Thanks for the chance, Ghost! She's a beauty!


----------



## treefork (Feb 1, 2010)

You military guys are alright by me! Thanks for serving.


----------



## tradspirit (Jul 23, 2012)

I'm already in on this great giveaway challenge and in keeping with my entry, I would suggest that 'Ghost" refers to the acronym for Martine Corp Sniper or "Ghost Warrior". This has evolved as it is thought that the target of the sniper sees as an aparition or ghost, the Angel of Death ( the Grim Reaper), just before he meets his maker. Love that avatar!


----------



## tnflipper52 (Jan 26, 2012)

Missed out on the whole thing but wanted to thank you for your service to our country, and putting your butt in a sling for the folks back home.


----------



## PorkChopSling (Jan 17, 2013)

Hey hope I didn't miss it.
I'm in, 0311 Marine Corp Mos Rifleman, 8541 Scout Sniper. 
My best friend was a Gunnery Sargent in the Marines, due to a spinal issue I was not able to join. Thank you for serving your country. Good luck everyone.


----------



## ghost0311/8541 (Jan 6, 2013)

Ox this is the burlap slingshot you will be geting it will come with tbg bands i will be drawing friday night for the winner of the black mangrove natural


----------



## AlmightyOx (Mar 4, 2013)

ghost0311/8541 said:


> Ox this is the burlap slingshot you will be geting it will come with tbg bands i will be drawing friday night for the winner of the black mangrove natural


I love it! I don't have a shooter with an offset handle like that yet so it will definitely be a new experience for me. I've also never gotten my hands on cloth laminate so this little slinger should get a lot of testing.

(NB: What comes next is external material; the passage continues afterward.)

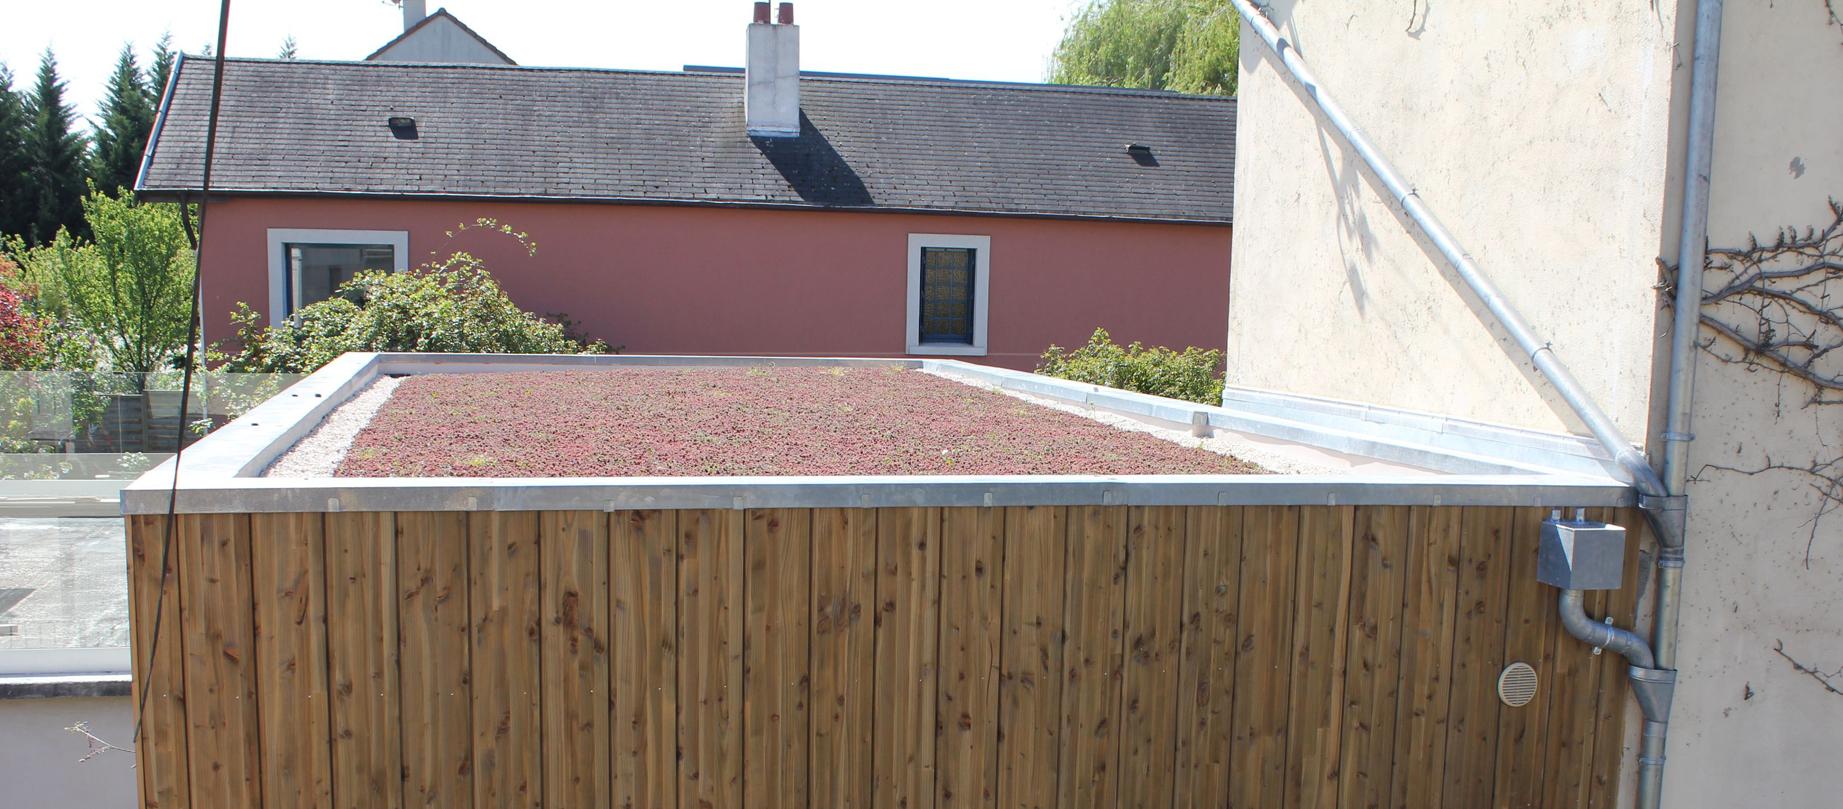 06_toiture vegetalisee.JPG

Thanks for the opportunity Ghost.


----------



## AhnkoChee (Mar 27, 2013)

I'm in, thank you ! :looney:

0311 Marine Corp MOS Rifleman
8541 Scout Sniper

Either that or it's your birthday 03/11/8541 and you're from the future. :aahhhh:


----------



## ghost0311/8541 (Jan 6, 2013)

Ok i will be drawing the name tommorrow good luck to all


----------



## masonjarbeading (Dec 5, 2012)

I know this is over Thank you for serving and WELCOME HOME! My husband did three tours in the Naim


----------



## ghost0311/8541 (Jan 6, 2013)

Oh i just put all the names in my cover thats a hat in the marines and my little 3 year old devil pup drew out the name tradspirit so you will get the blackmangrove slingshot pm me you addtess and i will get yours and ox slibgshot in the mail asap

Thank you for playing


----------



## AlmightyOx (Mar 4, 2013)

ghost0311/8541 said:


> Oh i just put all the names in my cover thats a hat in the marines and my little 3 year old devil pup drew out the name tradspirit so you will get the blackmangrove slingshot pm me you addtess and i will get yours and ox slibgshot in the mail asap
> 
> Thank you for playing


Thanks a million buddy. We all appreciate your generosity!


----------



## tradspirit (Jul 23, 2012)

Thank you for your generosity, and more importantly thank you for your service to our country, It's a beauty and will be thoroughly enjoyed. Pm sent with address.

Thank you again sir,

Jim


----------



## tradspirit (Jul 23, 2012)

Joe: I received the black mangrove slingshot in today's mail! It is just beautiful and fits my hand like a glove! Thank you!! But the additional "David sling" that you sent was a real surprise!!! I thought I should let you know that I launched a rock with it I know not where, but it was launched with authority! It is my first true sling and your design is simplistic and very easy to use. Thank you again sir for your generosity and your service. Jim


----------



## ghost0311/8541 (Jan 6, 2013)

glad you like it and have fun


----------